Там, среди лишений, была жизнь, а здесь чувствую себя заживо погребенным и не знаю, какие лишения тяжелее теперь - или те, что были тогда - голод, холод, жизнь в постоянной опасности, в грязи, на полу, на земле, на снегу, в камышах, в арестантских, наконец, в темных трюмах, перегруженных и зараженных кораблей. Там было тяжело. Усталость иногда бывала столь велика, что, казалось, нет больше сил терпеть эти лишения. Но жила душа, свободная, независимая, и чувствовалась жизнь. Была надежда, вера и упование на будущее. Мы были ближе к России и среди своих...
Теперь я живу без лишений, в чистой, уютной комнате. На столе стоят цветы. В окно чуть не падают яблоки. Тихо, спокойно. За ужином я выпил рюмку водки. Мы ели грибы в сметане и курицу под белым соусом, а потом мне захотелось выпить вина, и я выпил его. Перед ужином я ходил гулять и долго сидел в раздумье на мостике. И я знаю, что лягу спать на чистые простыни и надену чистую рубашку. Казалось бы, чего больше! Ведь было время, когда рубашка не менялась тридцать дней и больше.

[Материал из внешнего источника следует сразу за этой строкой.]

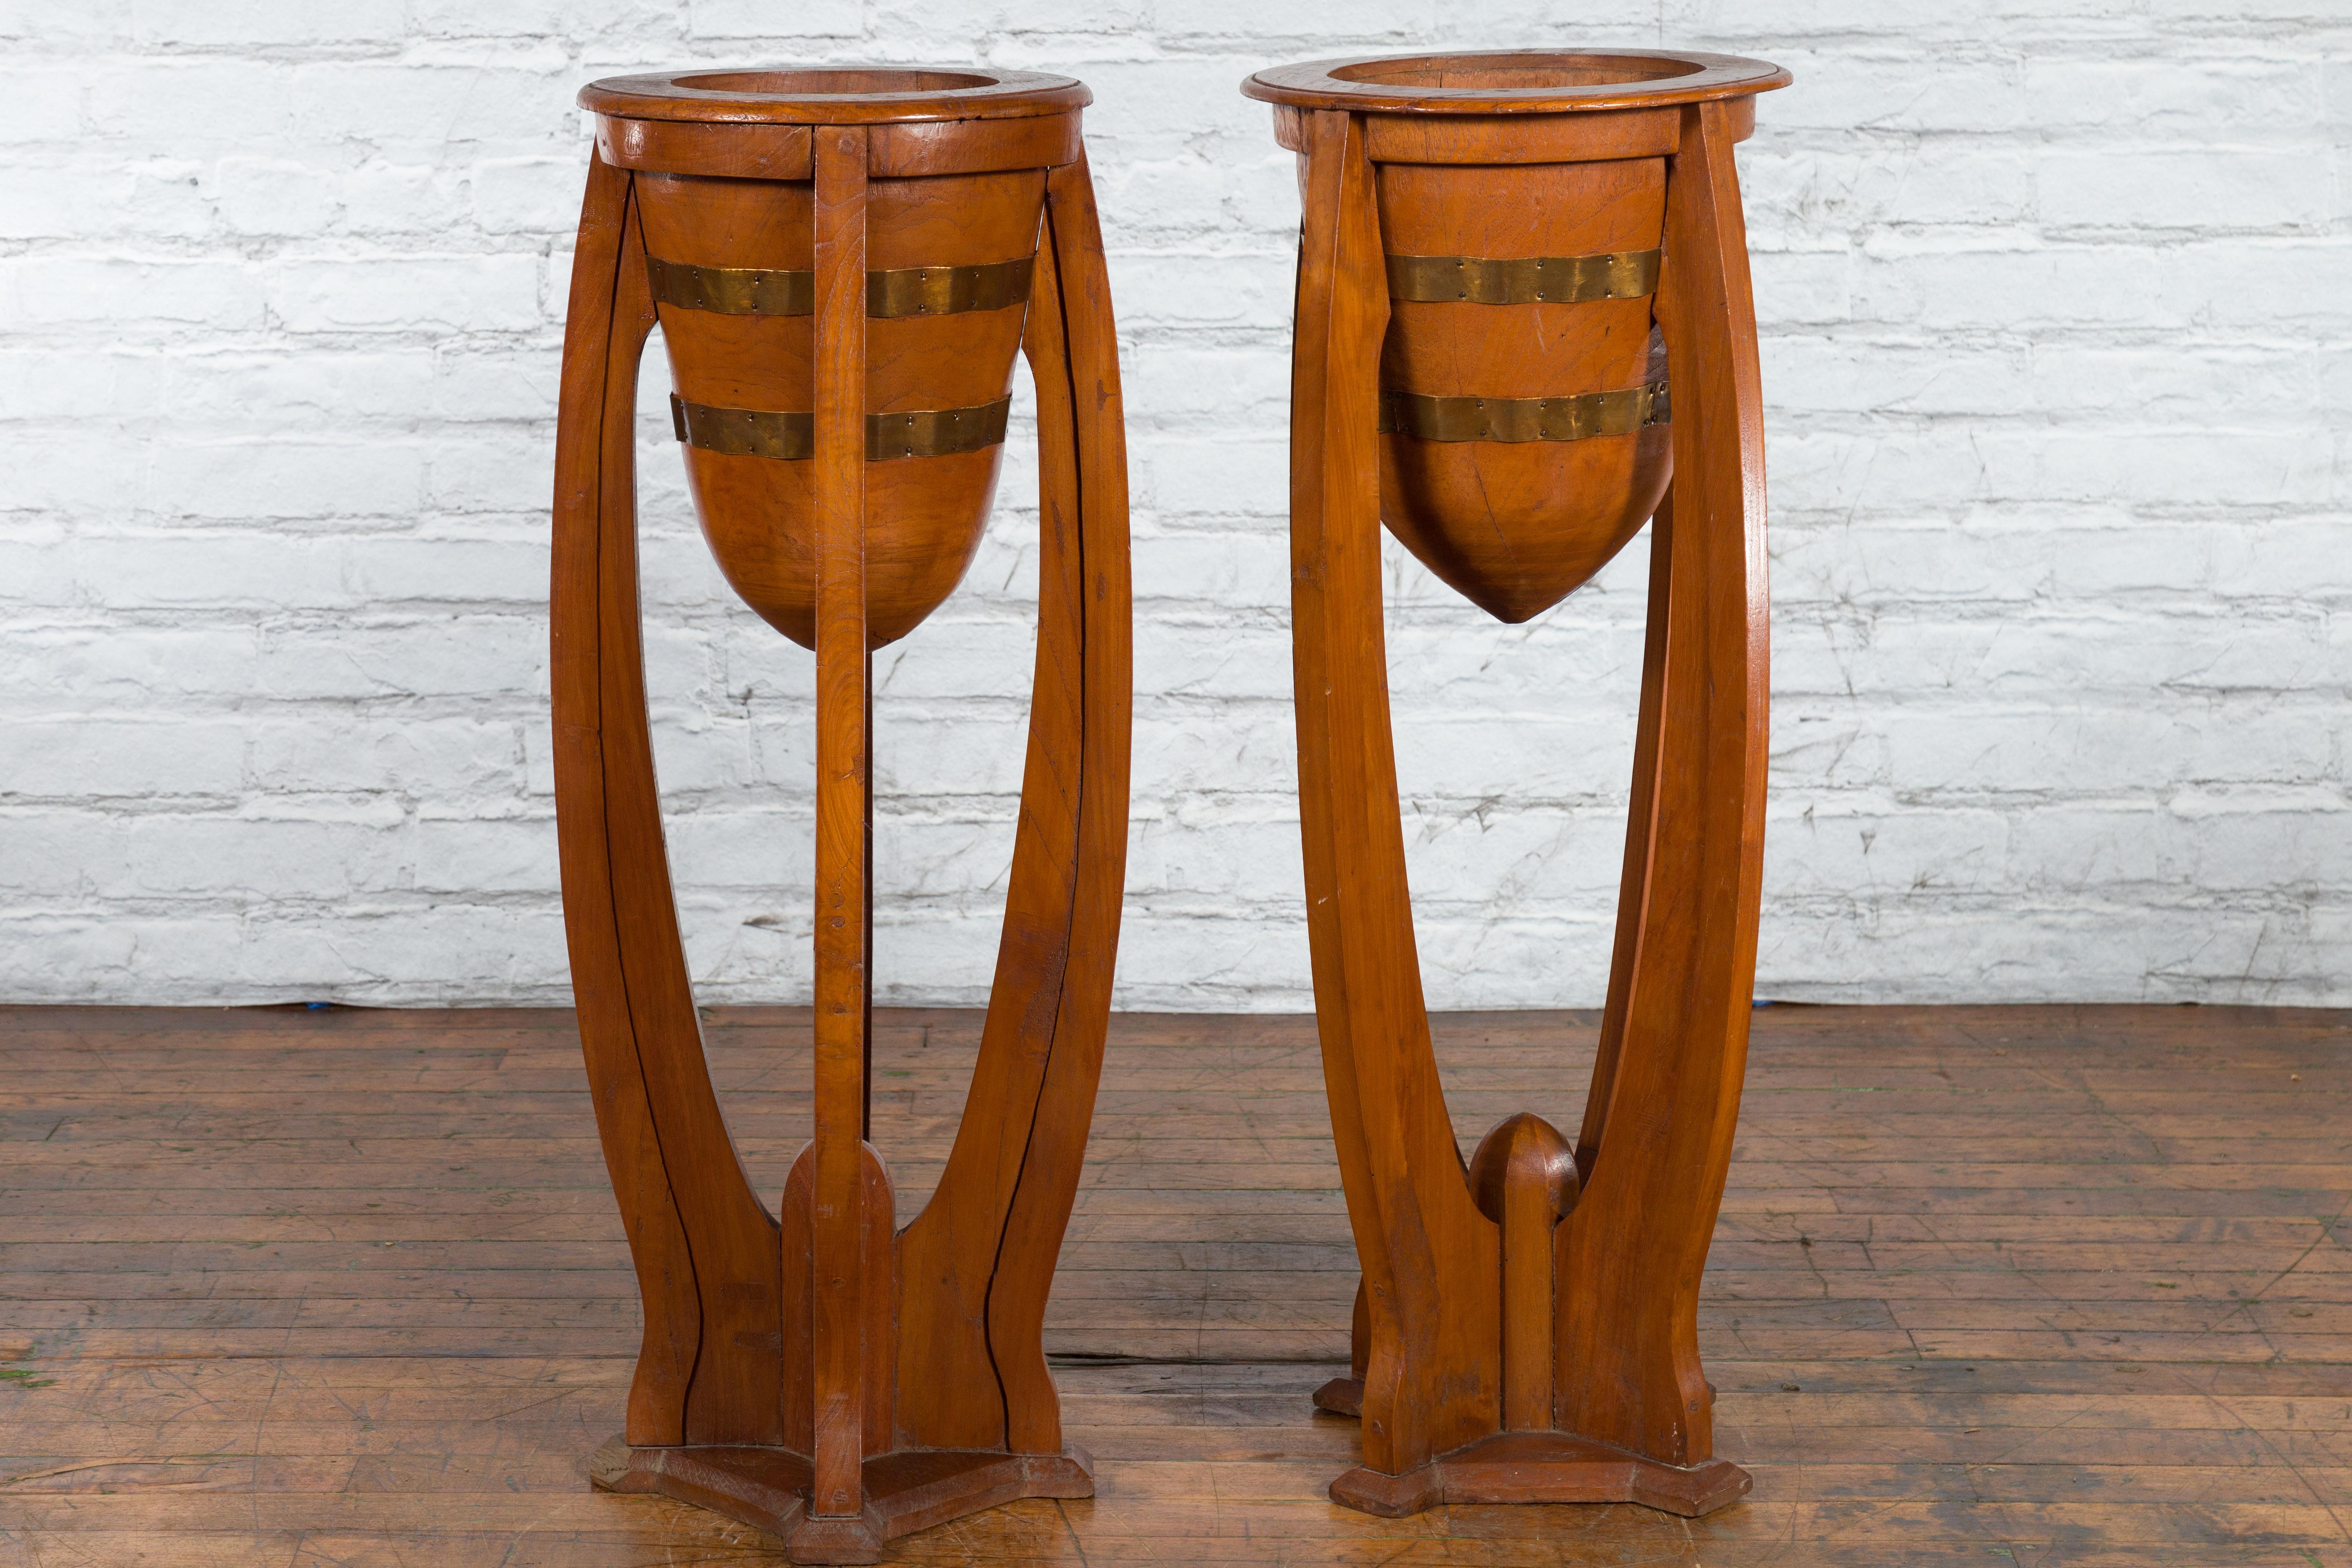 Large Pair of Javanese Art Deco Style Teak Wood Plant Stands with Brass Braces For Sale 6
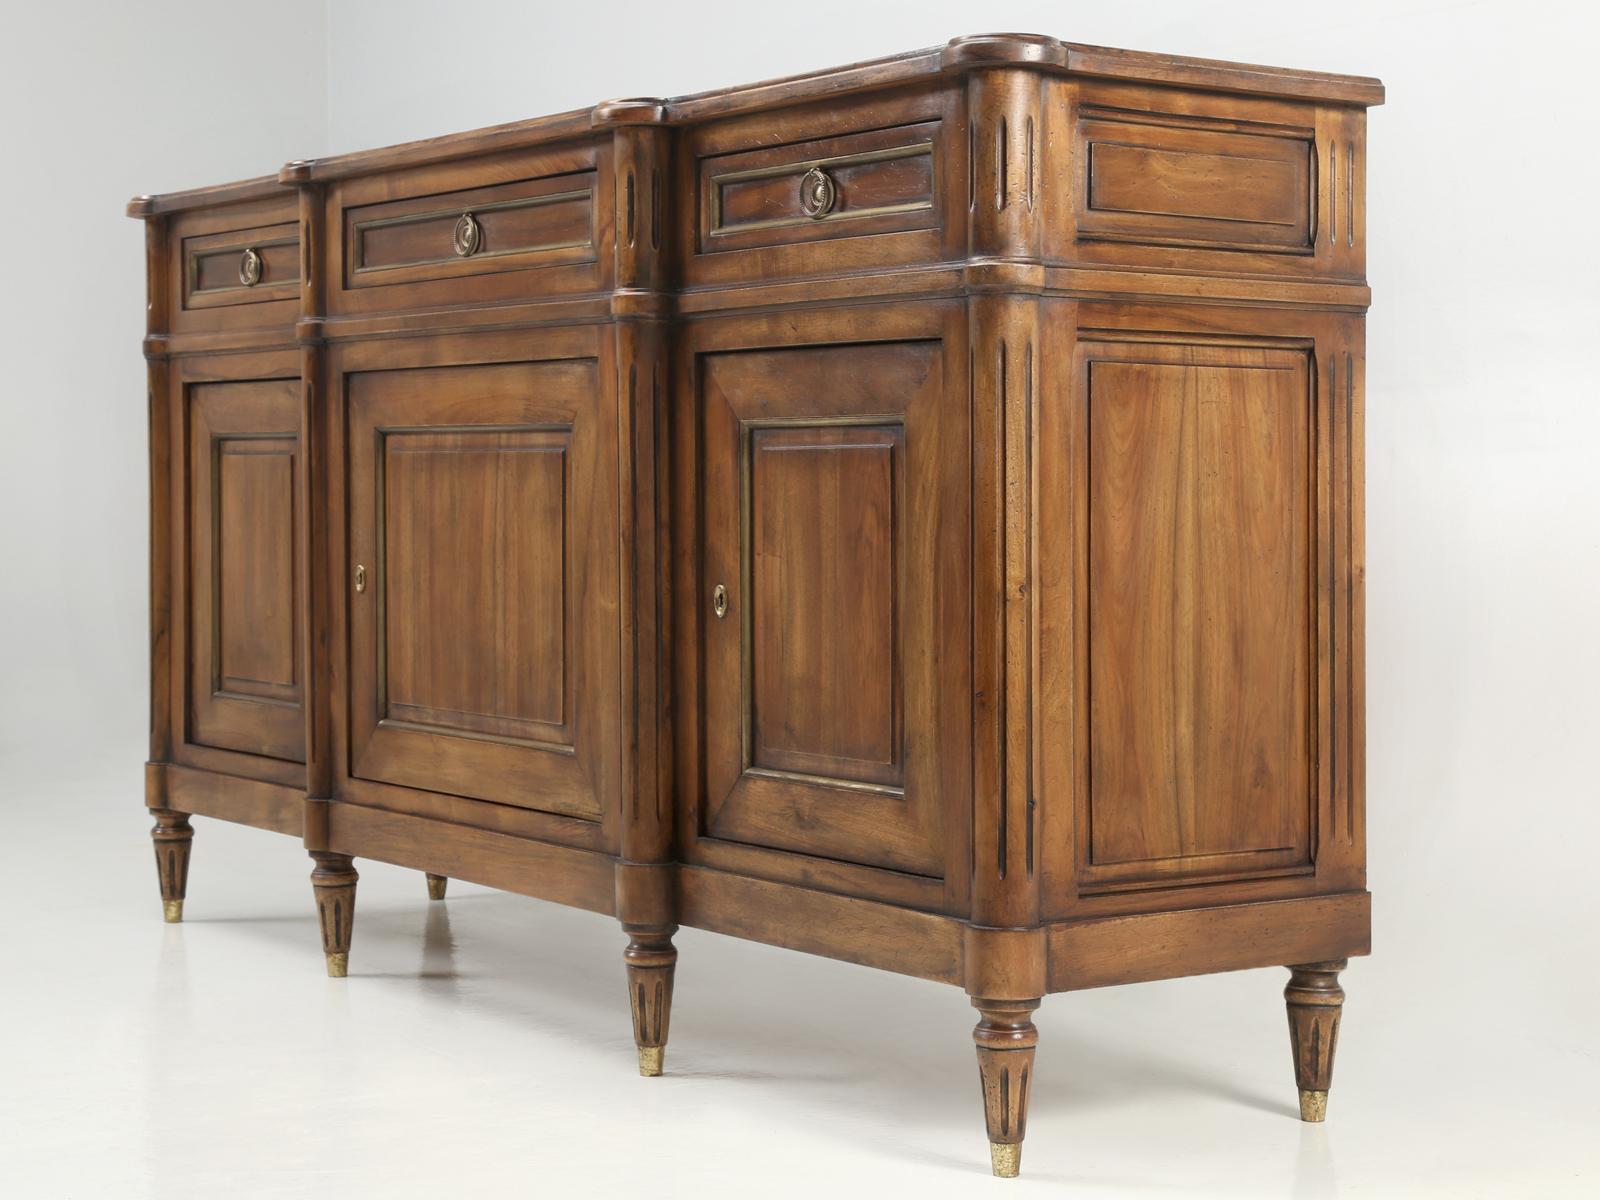 Vintage French Louis XVI style buffet constructed from solid walnut and accented with real brass trim. Our old plank restoration department removed the previous and discolored finish, without the use of any harsh chemicals and then applied an old

Мне говорят, что нужно жить настоящим, стараясь отгонять тяжелые мысли о будущем. И я думаю: счастливы те, кто имеют это настоящее. У меня его нет. Тем не менее я живу и целый день занят. Утром до 12 часов я имею уроки музыки. После обеда до 3 1/2
часов я свободен и обыкновенно читаю, лежа на кровати. В половине четвертого у меня опять урок, после которого я играю на рояле до 7 часов вечера. Я учу 14-ю сонату Бетховена, и в этом весь интерес моей жизни. Перед ужином я гуляю. Иду или по шоссе, или подымаюсь в горы. Оттуда я вижу Сесветы, где живет доктор Любарский, и виден вокзал железной дороги, идущей на Вену. Отсюда я часто вижу вдали, почти на горизонте, стелящийся от паровоза дым вечернего поезда, идущего на Вену. И мне думается: есть же люди, которые живут нормальной жизнью, куда-то идут, что-то делают, имеют свой угол, не разорены, не выгнаны из своего дома.Мы получаем почту через день, и это вызывает во мне жуткое чувство оторванности от всего мира. Конечно, мы ждем с нетерпением газету «Новое время», которую я читаю по вечерам, весь уходя в нашу русскую жизнь. Ведь это единственное, что связывает нас не только с Россией, но и с русскими беженцами. Единственный русский, которого мы видим иногда, - это военнопленный Клюевский (Максим Александрович), служащий кучером у помещицы в 3 километрах от нас. Еще в 1915 году, будучи солдатом 79-го Куринского полка, он попал подо Львовом в плен и с тех пор безвыездно живет в этих местах.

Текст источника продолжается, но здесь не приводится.